Protesters occupy Quebec education minister's office

Dozens of protesters occupied the constituency office of Quebec’s education minister, Marie Malavoy, demanding better access to education for non-status immigrant children.

Groups are demanding better access to schools for non-status immigrant children

Members of the Collectif éducation sans frontières protested for several hours outside the office of Quebec education minister, Marie Malavoy. (Radio-Canada)

Dozens of protesters occupied the constituency office of Quebec’s education minister, Marie Malavoy, demanding better access to education for non-status immigrant children, children who are not in Canada legally. 

Members of the activist group Collectif éducation sans frontières began their protest at Malavoy’s Longueuil office Tuesday morning asking the minister makes a commitment to open Quebec’s primary and secondary schools the children, without fees, by January 2014.

“Minister Malavoy has been Minister of Education for more than one year, and she was informed on her first day in office that non-status kids can’t access public schooling," said Nicolas Quiazua, a member of the Collectif éducation sans frontières.

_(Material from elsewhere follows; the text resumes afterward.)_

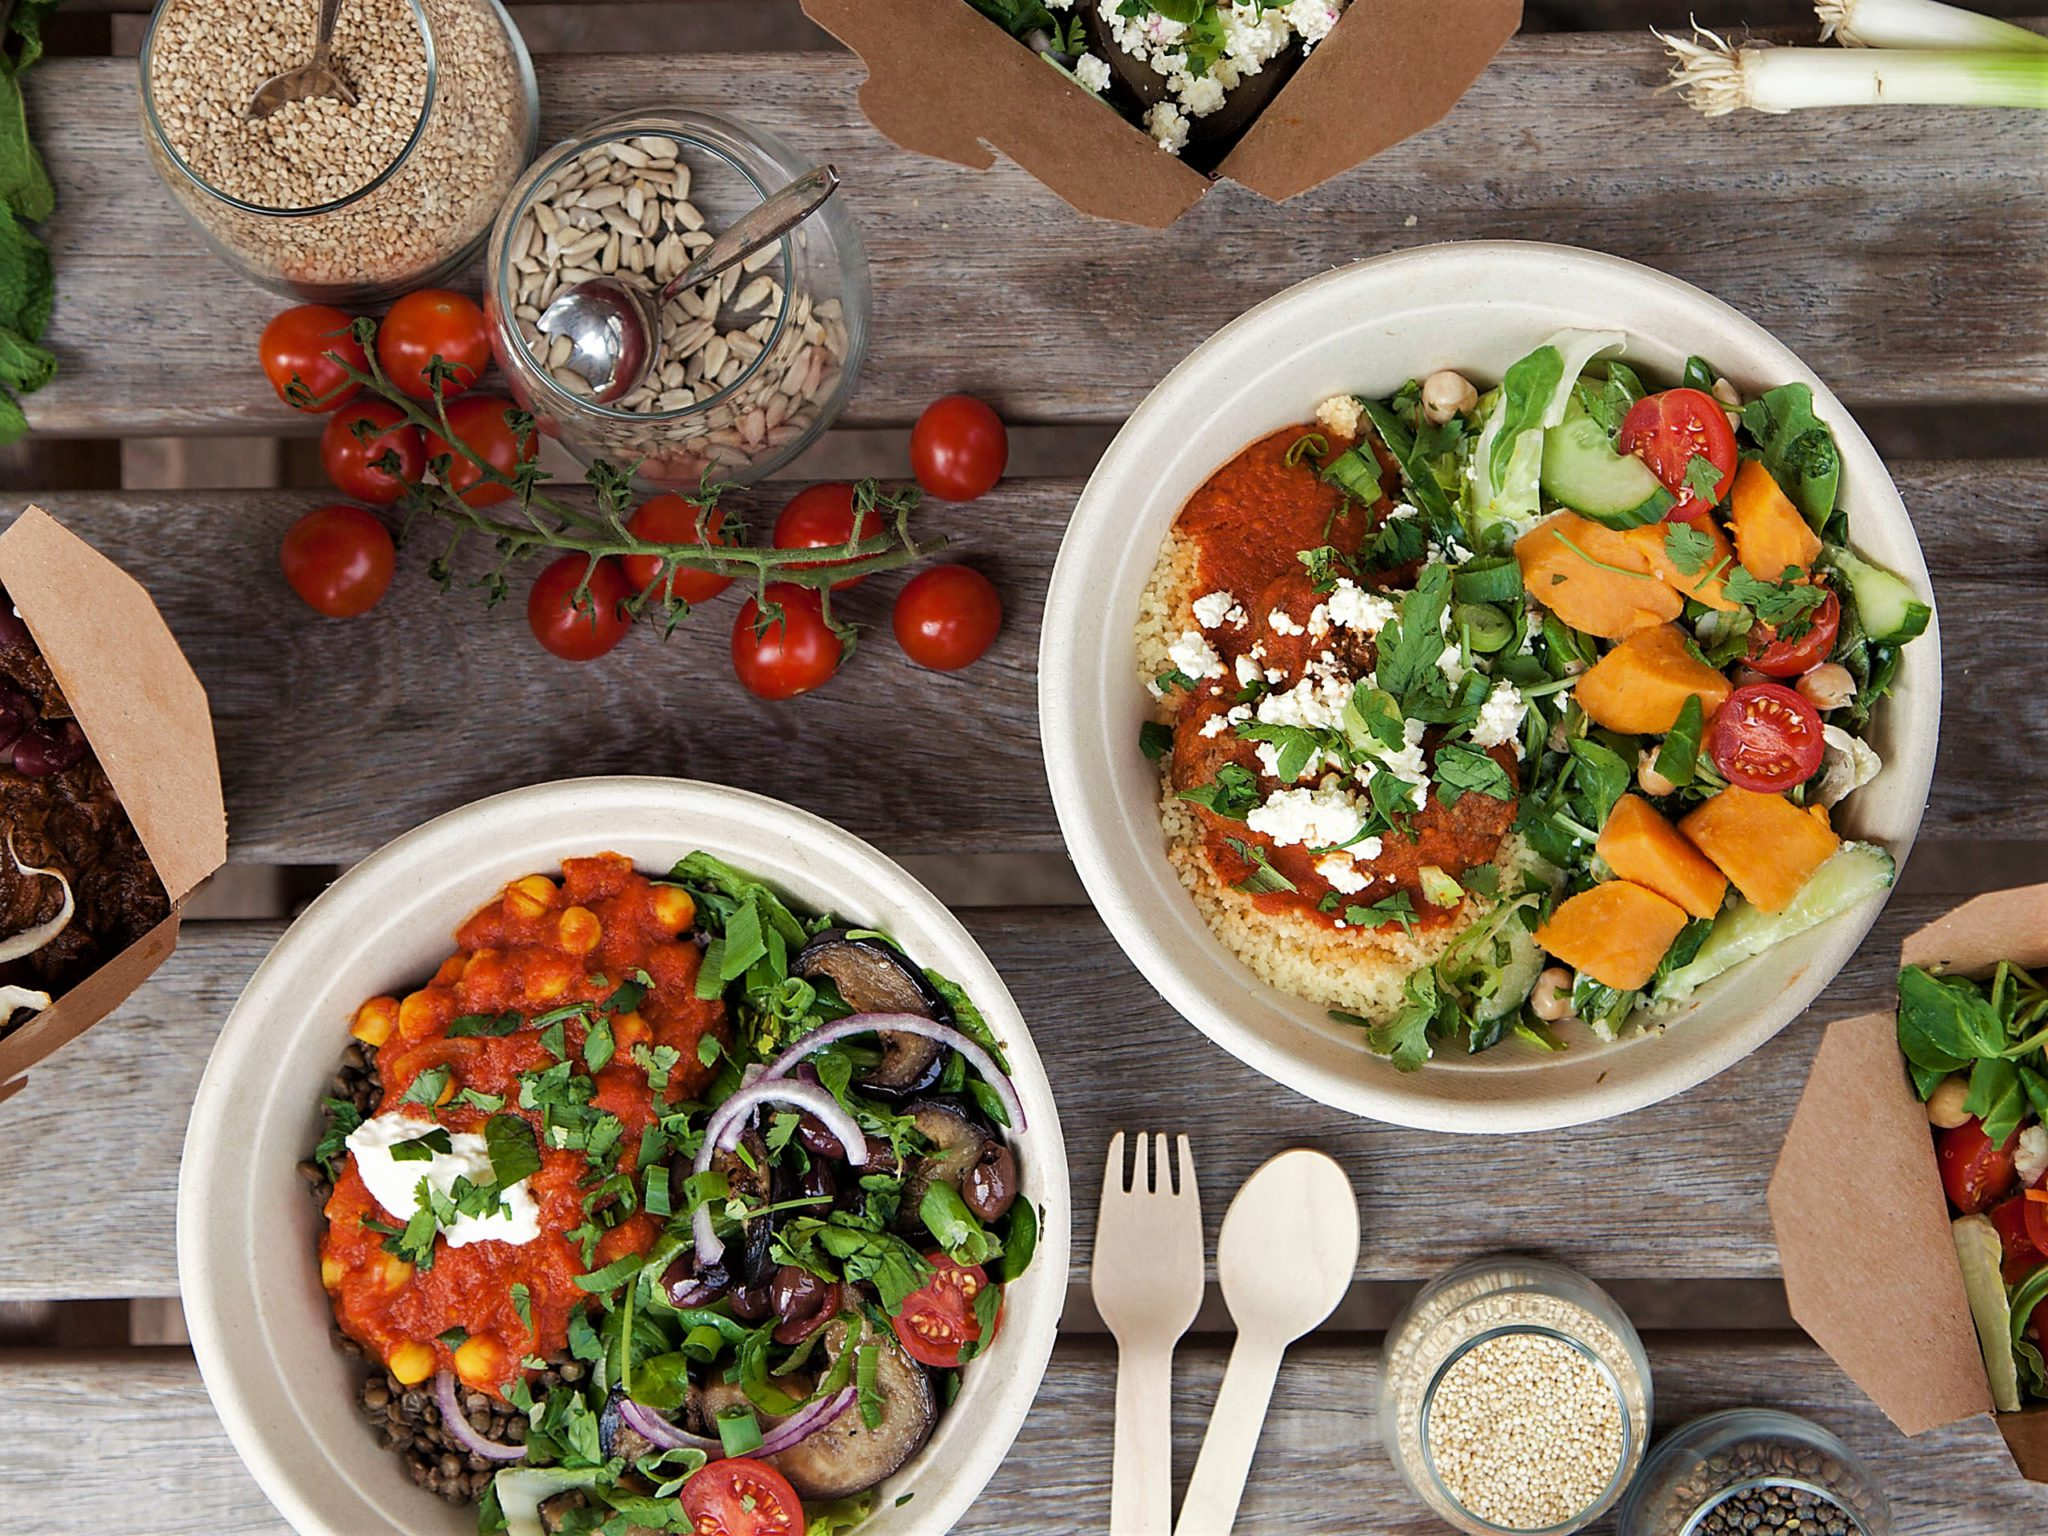 stewart & sally stoof en saladebar

"She has refused to act on this injustice, and even refuses to engage our collective or the mainstream media on this issue. The only way to get her attention, and force her to act, is through this occupation.”

However, representatives from Malavoy's office say they are surprised by the group’s claims.

"We did a lot of things," said Mathieu White, Malavoy's press secretary.

"If these measures are not sufficient, we will see if we can take other administrative steps."

In June, Quebec announced it was easing its rules of admission to the school system for the children of

immigrants, who have no legal status in the country..

Representatives from the Ministry of Education say these measures enabled hundreds of children, mostly on the island of Montreal, to attend school in September 2013.

Collectif éducation sans frontières claims that in some cases, children were not able to register and in other cases, they were able to register only after paying $5,000 to $6,000 per child.

By Tuesday afternoon, the protesters left the site and no arrests were made.